8.6 Quasi-Likelihood

The problem with unknown distributions

An entomologist counts insect larvae on crop plants. The counts show variance about 3 times the mean (overdispersion). She does not want to commit to a specific distribution (Poisson? Negative Binomial?), but she does know that the variance is proportional to the mean. Quasi-likelihood requires only a mean–variance relationship and produces valid inference even without a fully specified distribution.

Definition

Suppose we specify only two things about the distribution:

  1. The mean: \(E[Y_i] = \mu_i(\boldsymbol{\beta})\).

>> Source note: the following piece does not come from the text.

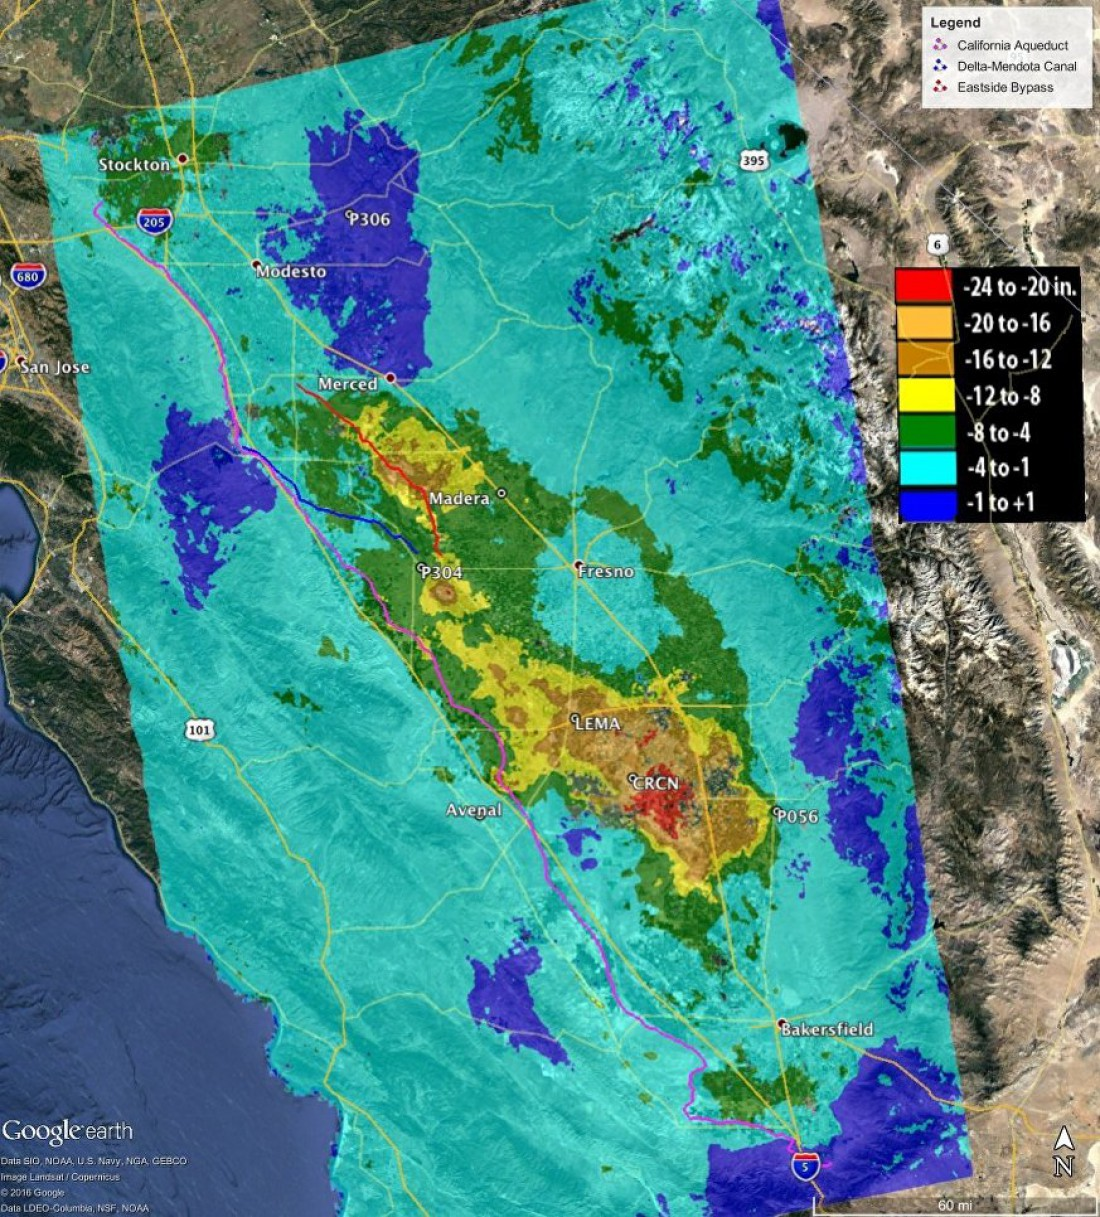 Карта скорости просадки грунта на территории Калифорнии

  2. The variance: \(\text{Var}(Y_i) = \phi\,V(\mu_i)\), where \(V(\mu)\) is a known variance function and \(\phi\) is an unknown scale (the dispersion parameter).

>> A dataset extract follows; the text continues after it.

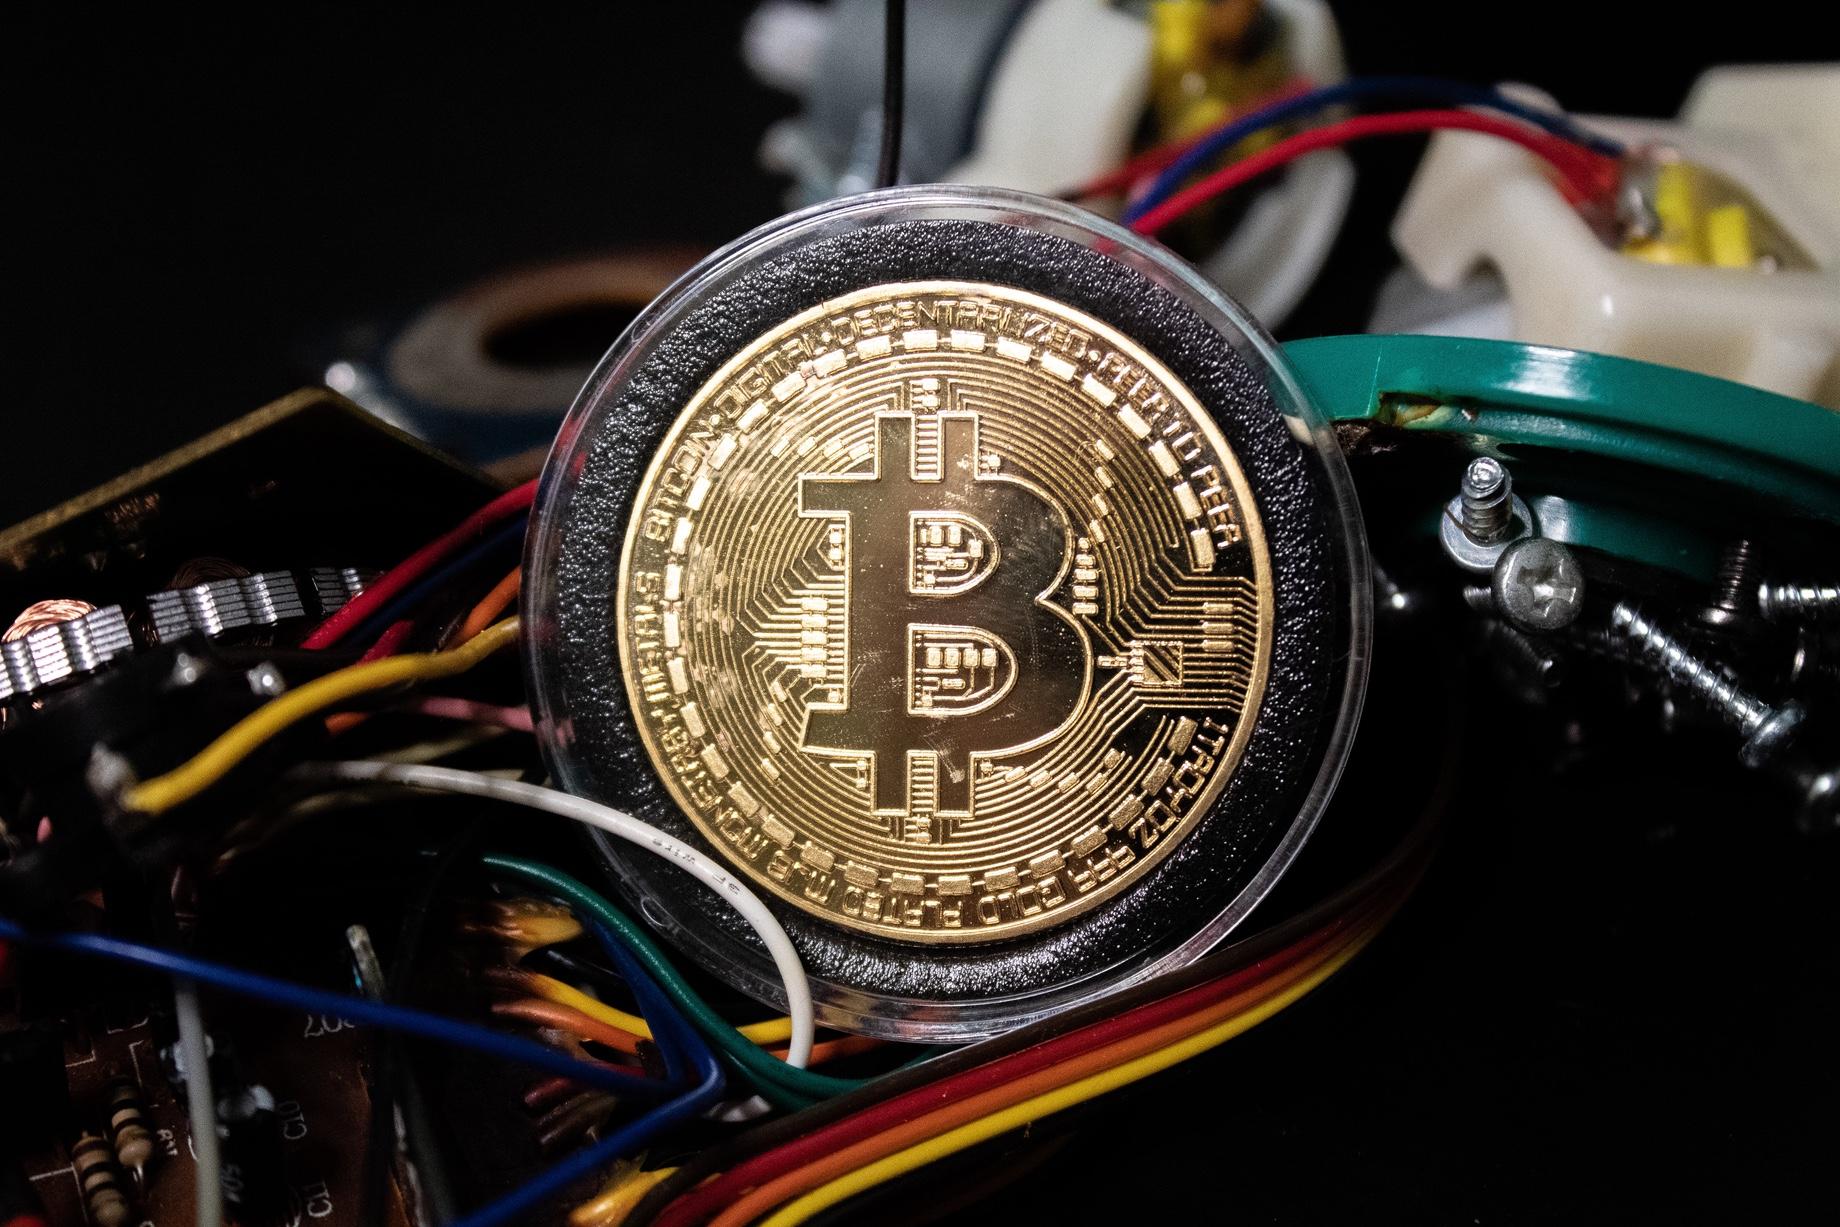 Bitcoin - Expand File Storing & Improve Record Keeping

We do not specify the full probability distribution. The quasi-score mimics what the score function would look like if we had a full likelihood:

\[q_i(\boldsymbol{\beta}) = \frac{y_i - \mu_i}{V(\mu_i)}\,\frac{\partial\mu_i}{\partial\boldsymbol{\beta}}.\]

Reading this formula: \((y_i - \mu_i)/V(\mu_i)\) is a standardized residual (deviation from the mean, scaled by the variance function), and \(\partial\mu_i/\partial\boldsymbol{\beta}\) propagates the residual back to the parameter space. Setting \(\sum q_i = 0\) gives estimating equations that produce consistent estimates even without knowing the true distribution.

# Quasi-likelihood: overdispersed Poisson regression
import numpy as np
from scipy.optimize import minimize

np.random.seed(42)
n = 200

# Covariates: fertiliser amount (standardized)
x = np.random.randn(n)
beta_true = np.array([1.5, 0.8])  # intercept and slope (log link)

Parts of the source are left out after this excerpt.